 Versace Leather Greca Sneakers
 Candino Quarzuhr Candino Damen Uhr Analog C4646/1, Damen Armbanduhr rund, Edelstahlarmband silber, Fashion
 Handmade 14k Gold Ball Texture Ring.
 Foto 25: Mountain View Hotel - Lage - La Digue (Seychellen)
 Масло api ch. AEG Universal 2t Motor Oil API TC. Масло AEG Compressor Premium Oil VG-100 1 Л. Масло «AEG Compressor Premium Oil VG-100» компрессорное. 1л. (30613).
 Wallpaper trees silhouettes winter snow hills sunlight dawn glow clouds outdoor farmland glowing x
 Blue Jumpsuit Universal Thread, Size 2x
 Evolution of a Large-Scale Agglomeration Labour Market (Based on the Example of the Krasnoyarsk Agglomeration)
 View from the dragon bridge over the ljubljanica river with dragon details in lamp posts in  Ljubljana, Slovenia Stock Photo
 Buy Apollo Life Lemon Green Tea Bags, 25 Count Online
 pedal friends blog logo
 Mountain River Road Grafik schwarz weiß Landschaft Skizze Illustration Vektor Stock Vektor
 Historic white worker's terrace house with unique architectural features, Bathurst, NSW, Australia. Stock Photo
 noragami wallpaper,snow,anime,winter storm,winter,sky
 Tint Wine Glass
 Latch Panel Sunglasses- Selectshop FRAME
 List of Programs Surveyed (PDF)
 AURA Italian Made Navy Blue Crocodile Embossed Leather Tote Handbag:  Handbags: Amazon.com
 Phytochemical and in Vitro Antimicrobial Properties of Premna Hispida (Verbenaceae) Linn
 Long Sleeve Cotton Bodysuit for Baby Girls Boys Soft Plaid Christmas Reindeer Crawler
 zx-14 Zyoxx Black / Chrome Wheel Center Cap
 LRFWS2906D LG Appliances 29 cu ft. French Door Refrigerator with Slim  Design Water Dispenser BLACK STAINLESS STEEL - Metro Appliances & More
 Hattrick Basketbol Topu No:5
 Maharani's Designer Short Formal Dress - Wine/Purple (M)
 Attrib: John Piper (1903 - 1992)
+++
- **Your instructions**:
Tally the lines in the material above that contain "Universal". Respond with the number and nothing else.

- **Task solution**:
2